5.2 OS PRESSUPOSTOS COMPORTAMENTAIS

5.2.1 Racionalidade limitada

Williamson (2012) opõe-se ao pressuposto neoclássico da racionalidade substantiva ao admitir que os agentes possuam limitações para acessar, acumular, processar e transmitir informações. Tais limitações cognitivas implicam em agentes que fazem escolhas e tomam decisões com base em um número restrito de informações, as quais são interpretadas de acordo com suas experiências anteriores e alinhadas as diversas visões de mundo que cada indivíduo possui.
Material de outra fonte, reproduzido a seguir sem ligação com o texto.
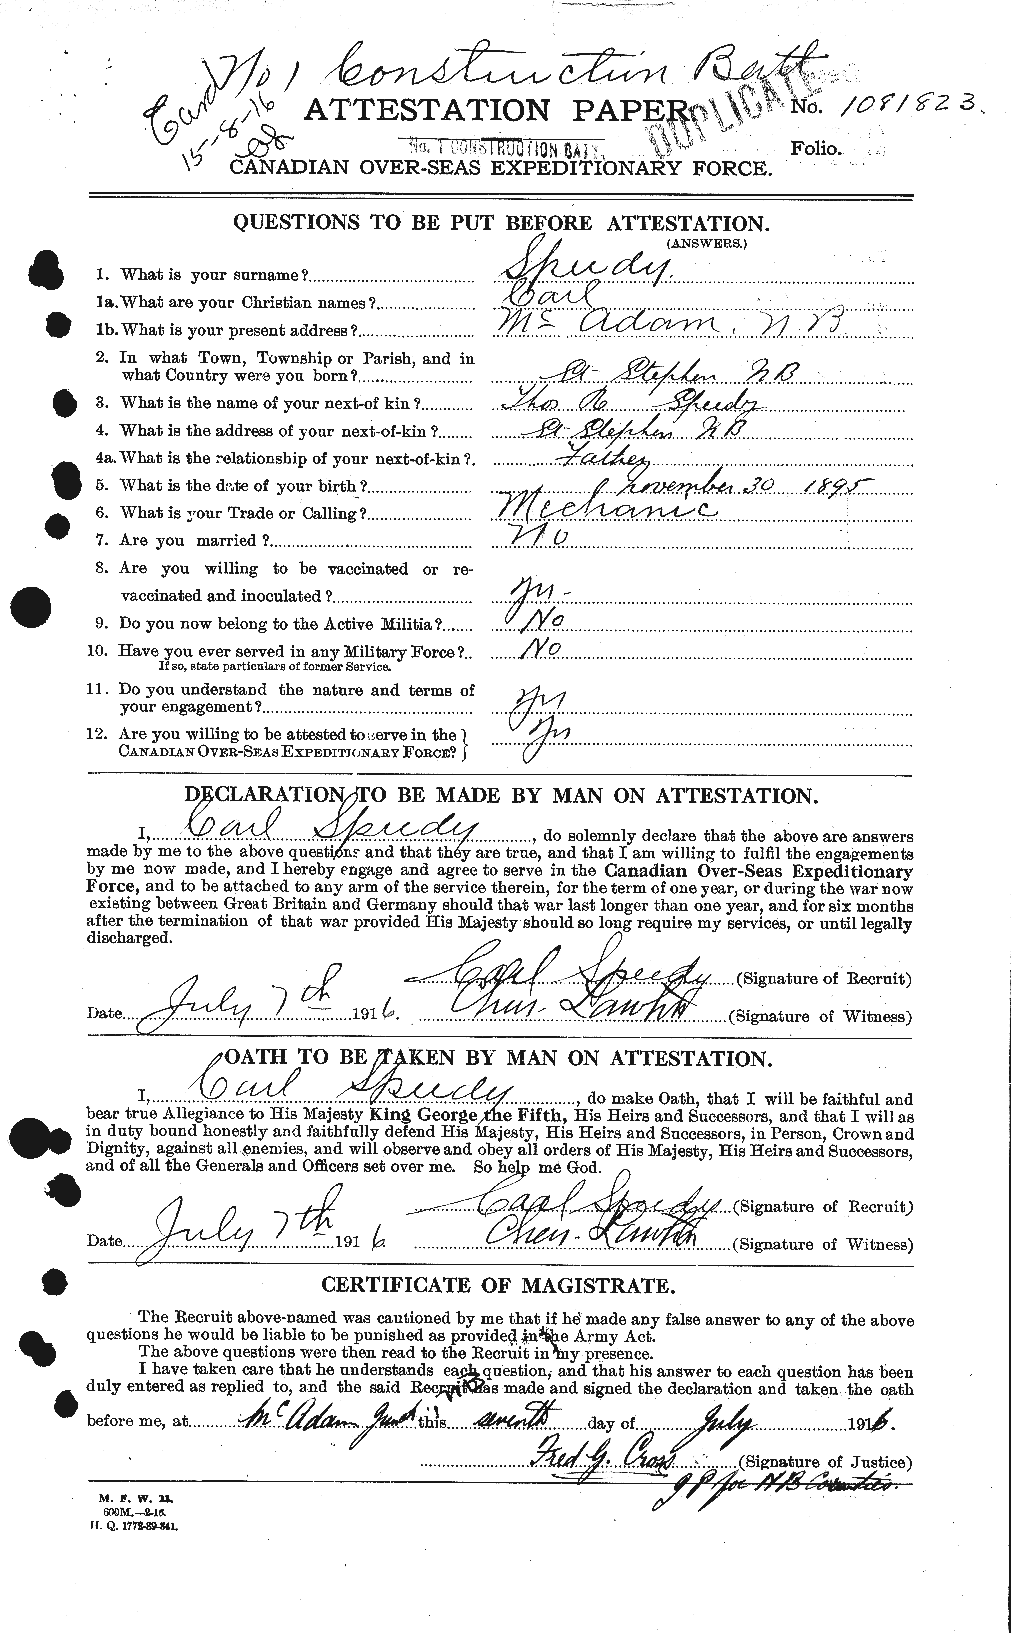 Personnel Records of the First World War - CEF 110301a

Por envolver processos cognitivos, modelos mentais e visões de mundo, a análise da racionalidade limitada dos agentes não é tarefa simples, de forma que pesquisadores têm adotado diferentes métodos para detectar e demonstrar a racionalidade limitada dos indivíduos. Silveira (2017), por exemplo, usou o acesso à informação e aos fatores considerados na tomada de decisão como proxies para a racionalidade limitada, além de expor aos entrevistados de sua pesquisa duas situações-problema com o objetivo de captar o uso da emoção ou da razão nas decisões. Por sua vez, Schubert (2012), ao investigar a racionalidade limitada dos produtores de leite de Santa Catarina, questionando os motivos que levavam os produtores a permanecerem na atividade versus a disponibilidade e os fatores que poderiam conduzir à mudança de atividade. Por fim, Matei (2015), analisou os processos de inovação na agricultura familiar e concluiu que as interações entre agentes tenderam a amenizar as incertezas causadas pela racionalidade limitada dos indivíduos.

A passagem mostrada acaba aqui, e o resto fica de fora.